- _DATA_:
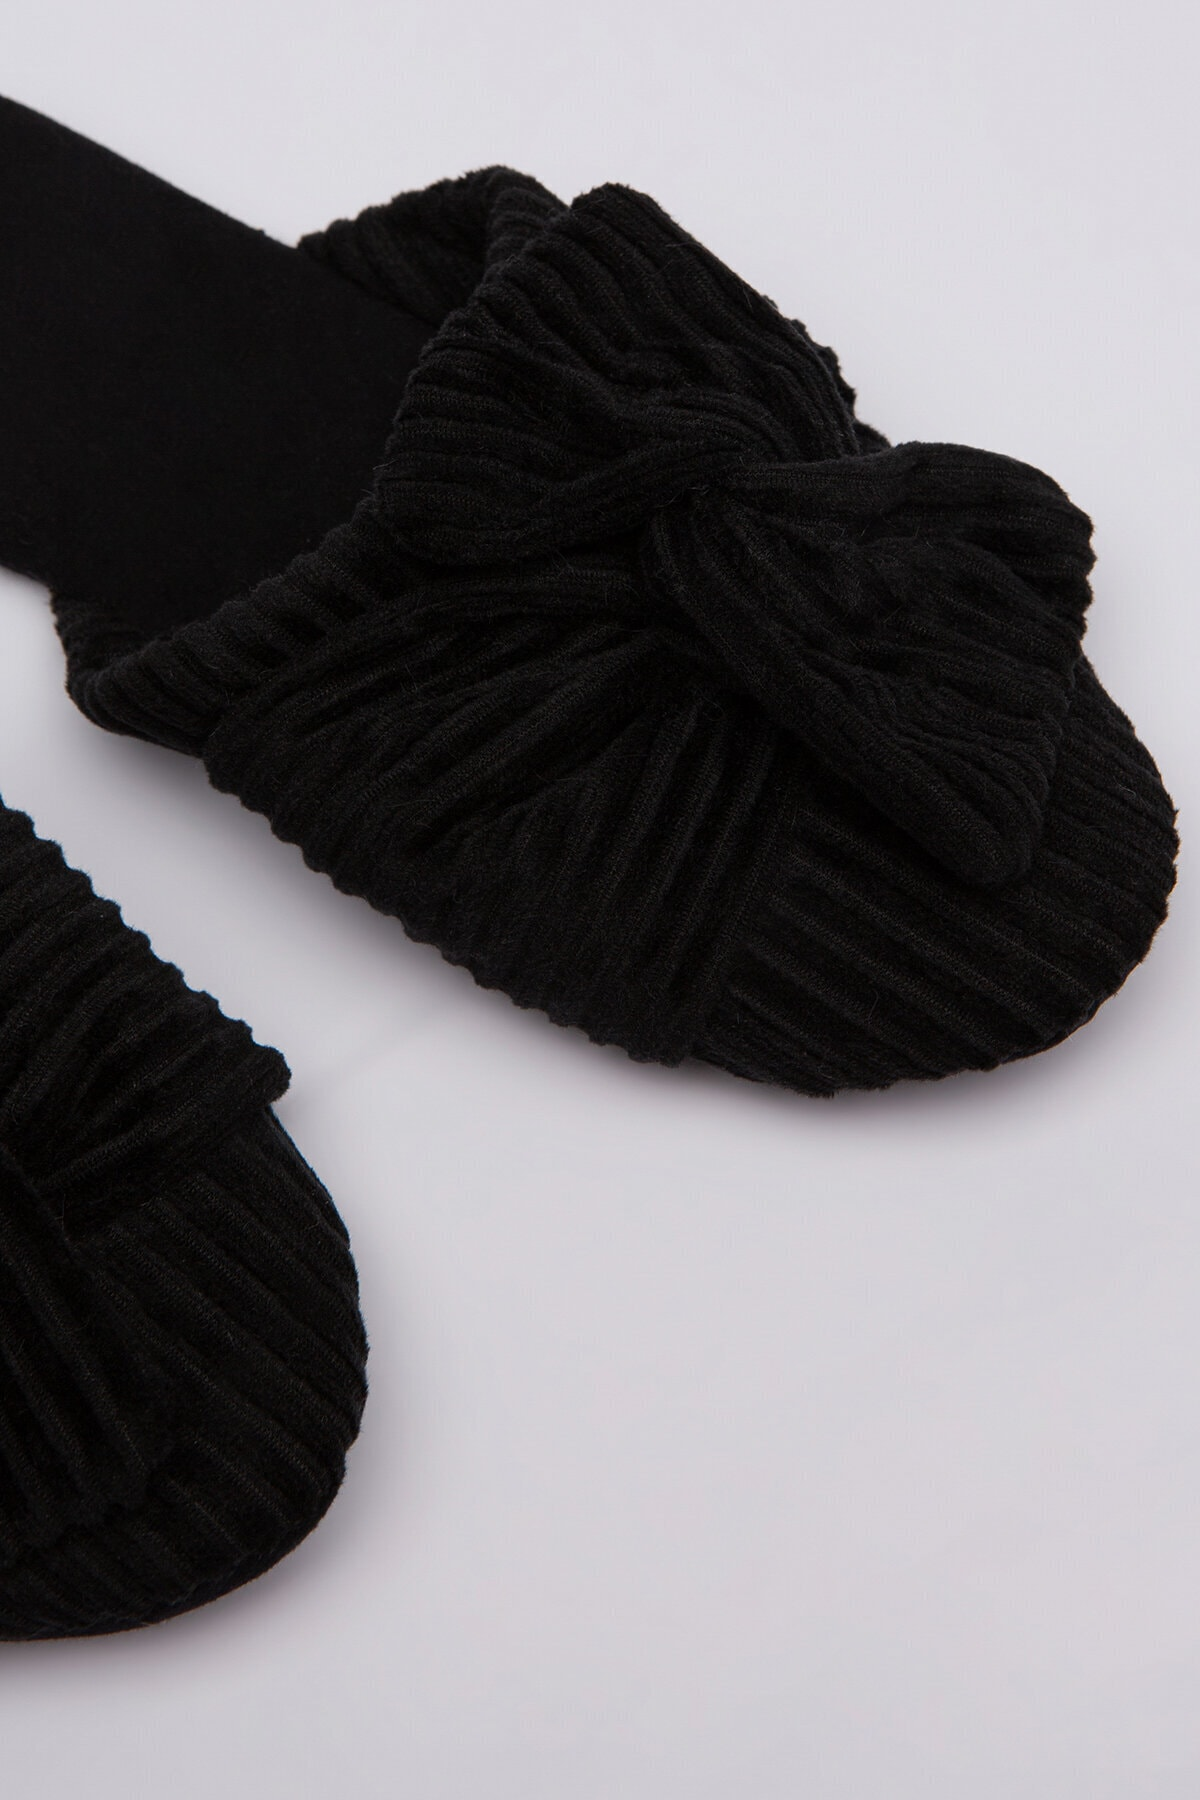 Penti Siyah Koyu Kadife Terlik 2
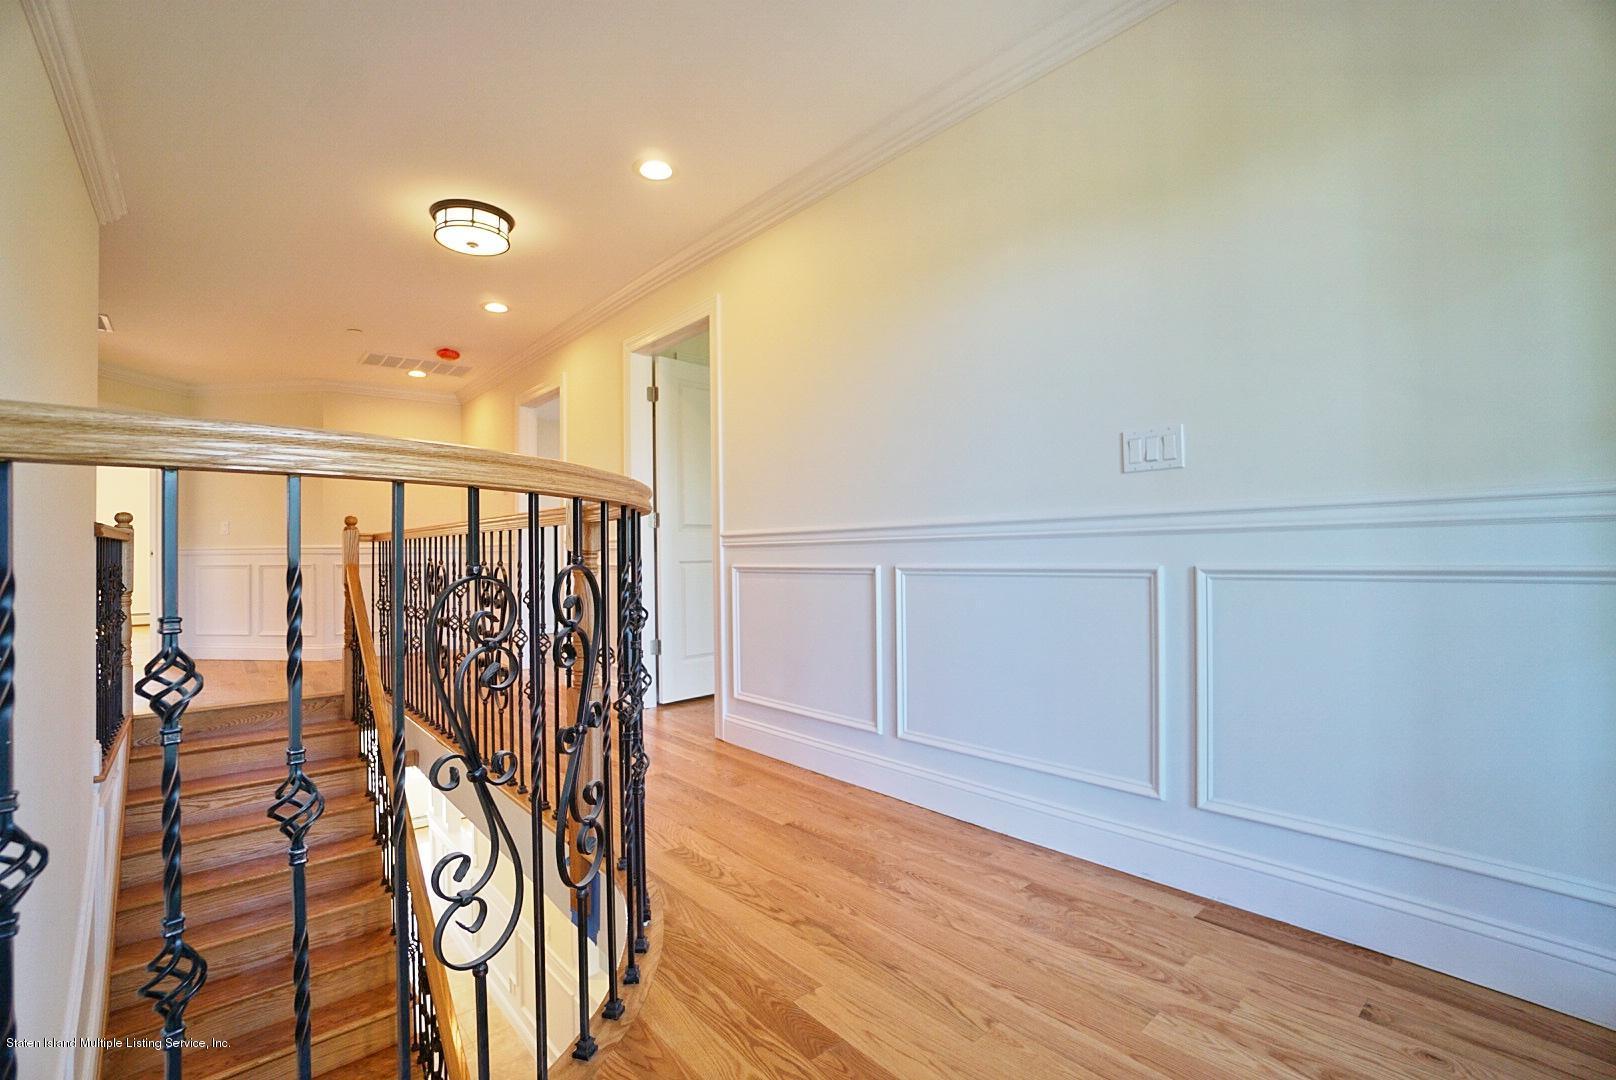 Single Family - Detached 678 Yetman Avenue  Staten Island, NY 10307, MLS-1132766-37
==
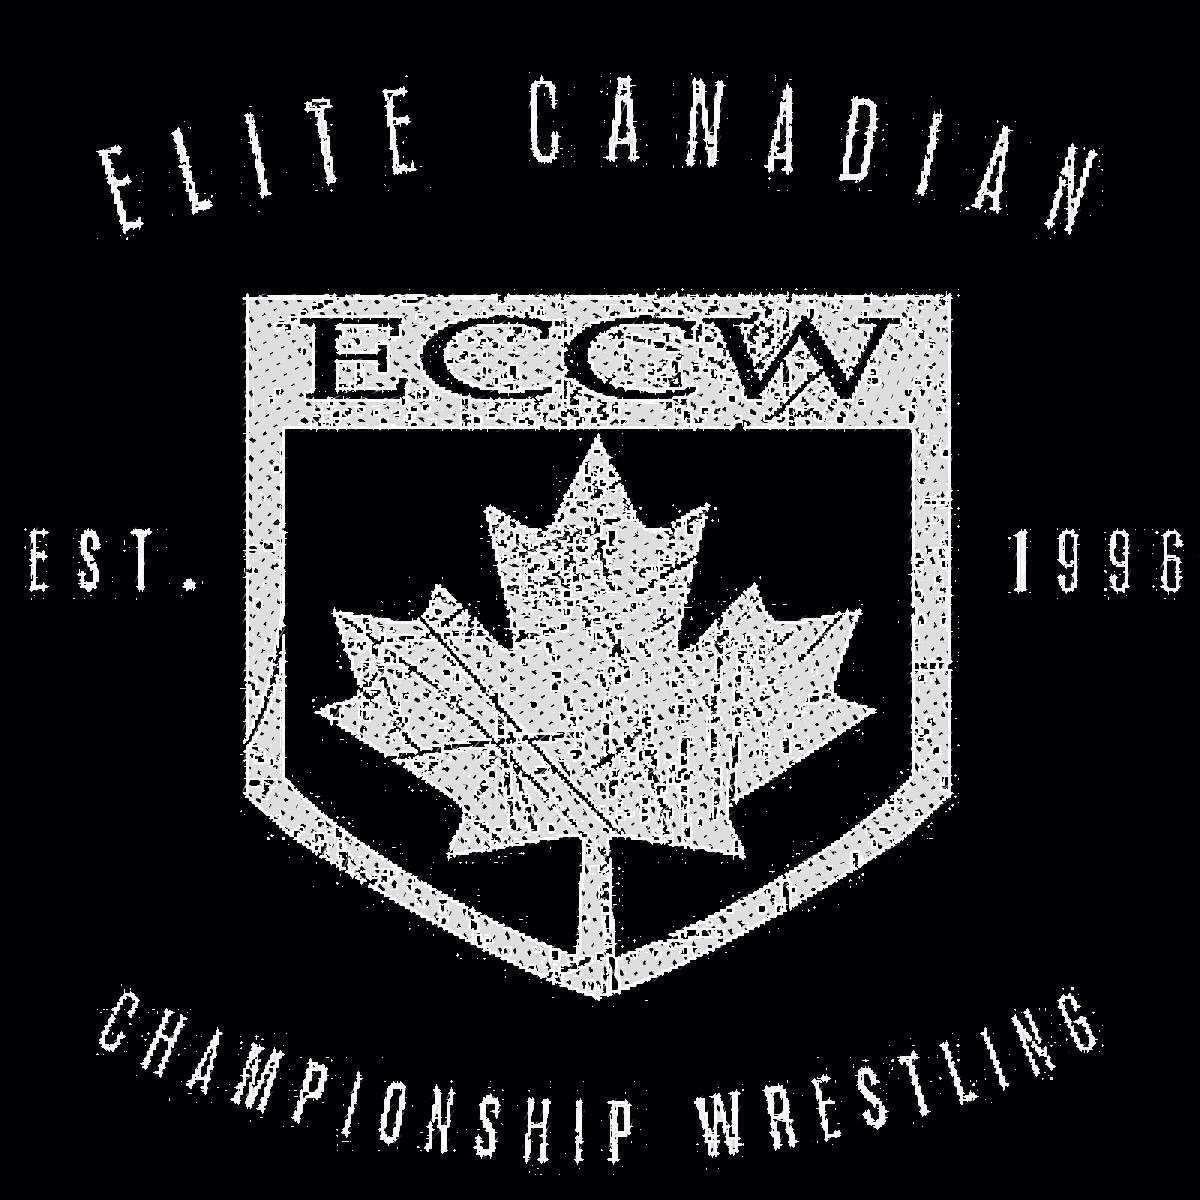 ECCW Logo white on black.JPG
---
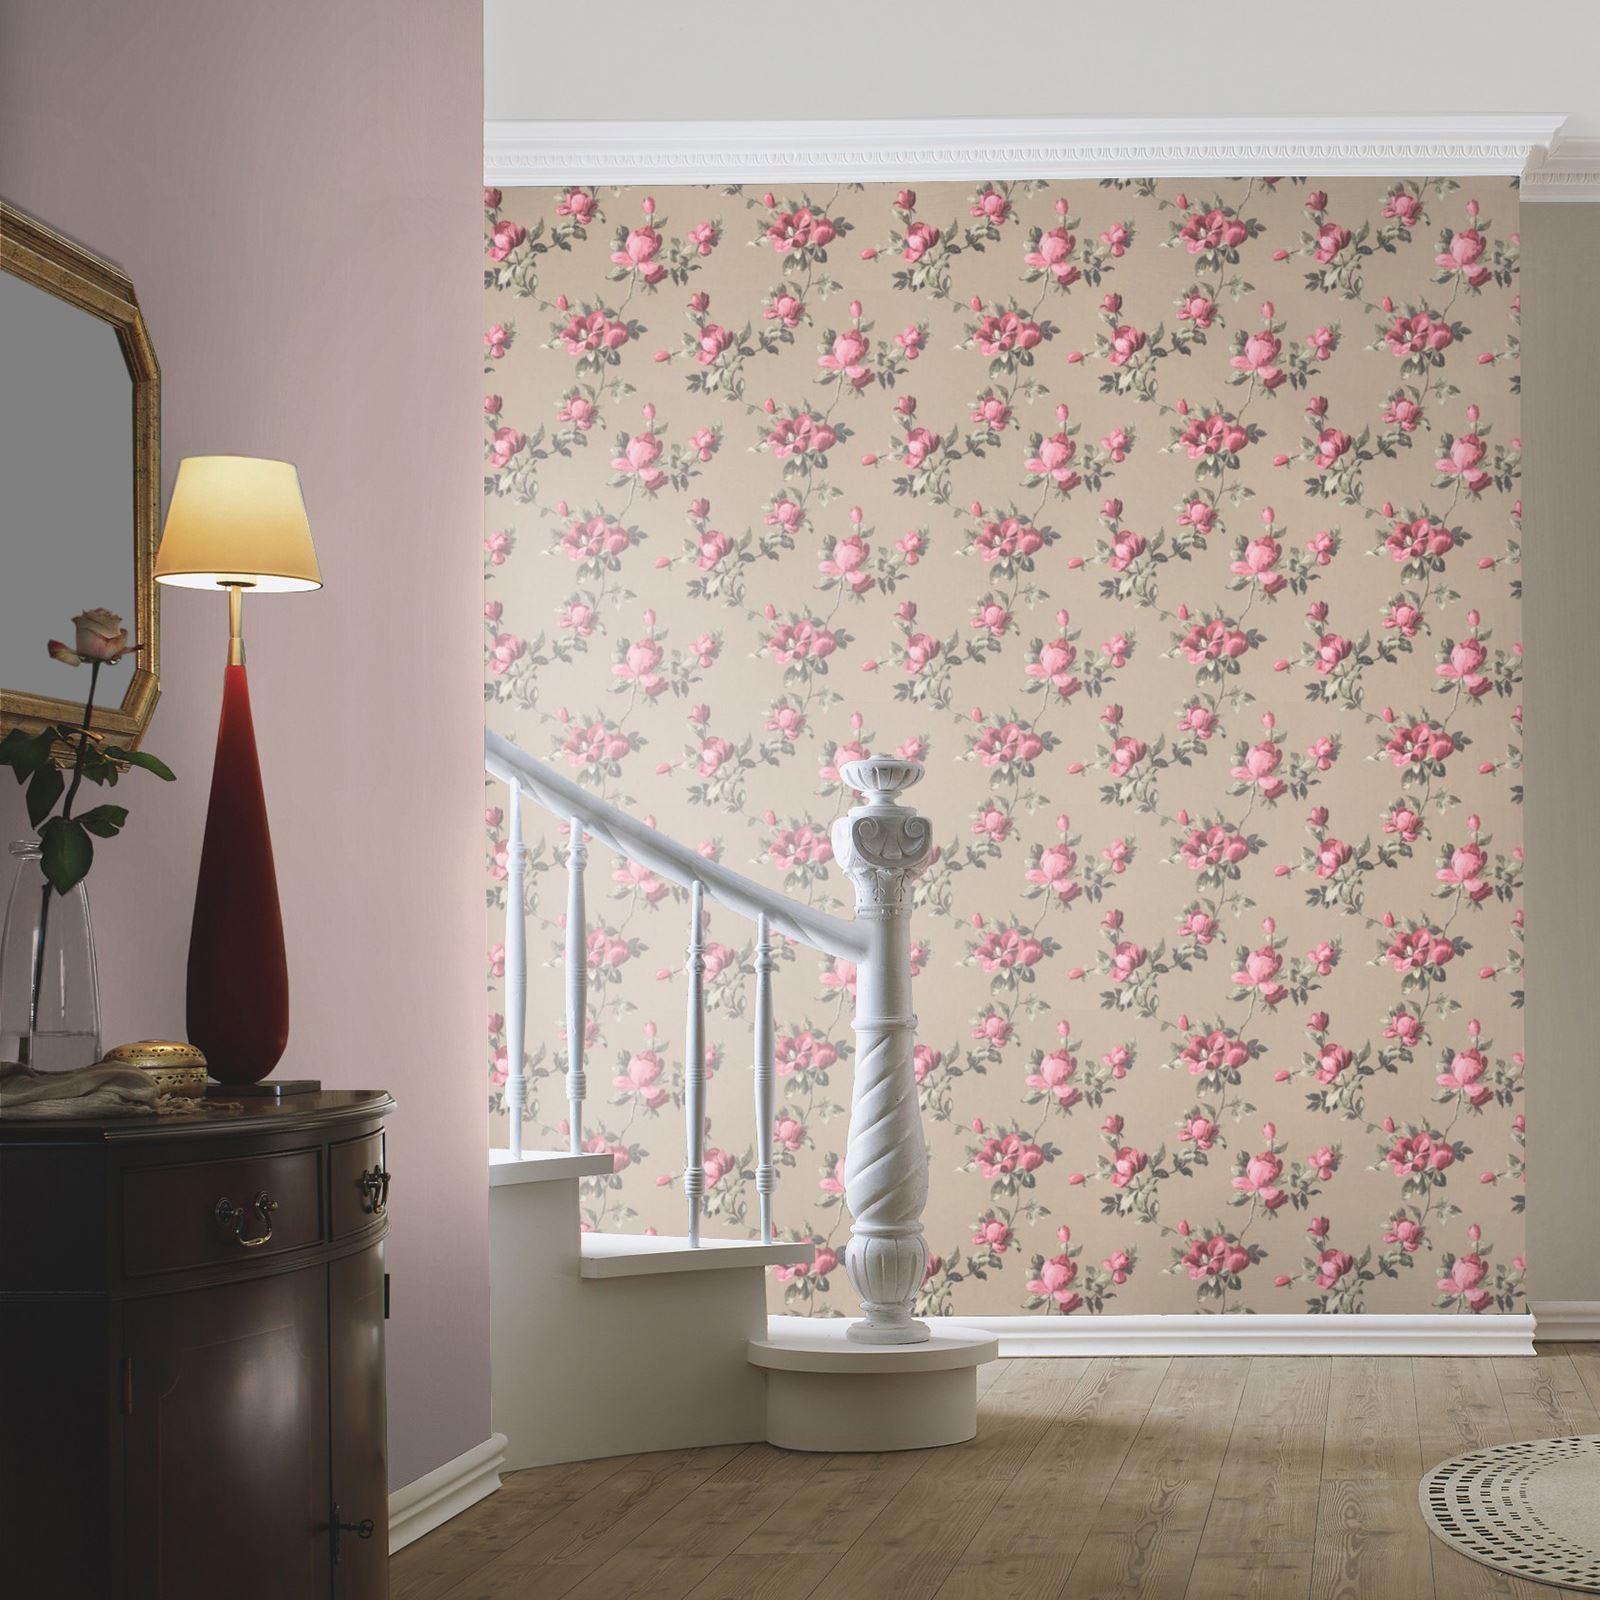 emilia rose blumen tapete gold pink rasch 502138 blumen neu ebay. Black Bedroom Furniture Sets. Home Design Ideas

- _EXERCISE GOAL_: Print nothing but the lines above starting with the line that contains "Penti Siyah Koyu Kadife Terlik 2" and going on through the line that contains "Single Family - Detached". Leave out the pictures.

- _TASK OUTPUT_:
 Penti Siyah Koyu Kadife Terlik 2
 Single Family - Detached 678 Yetman Avenue  Staten Island, NY 10307, MLS-1132766-37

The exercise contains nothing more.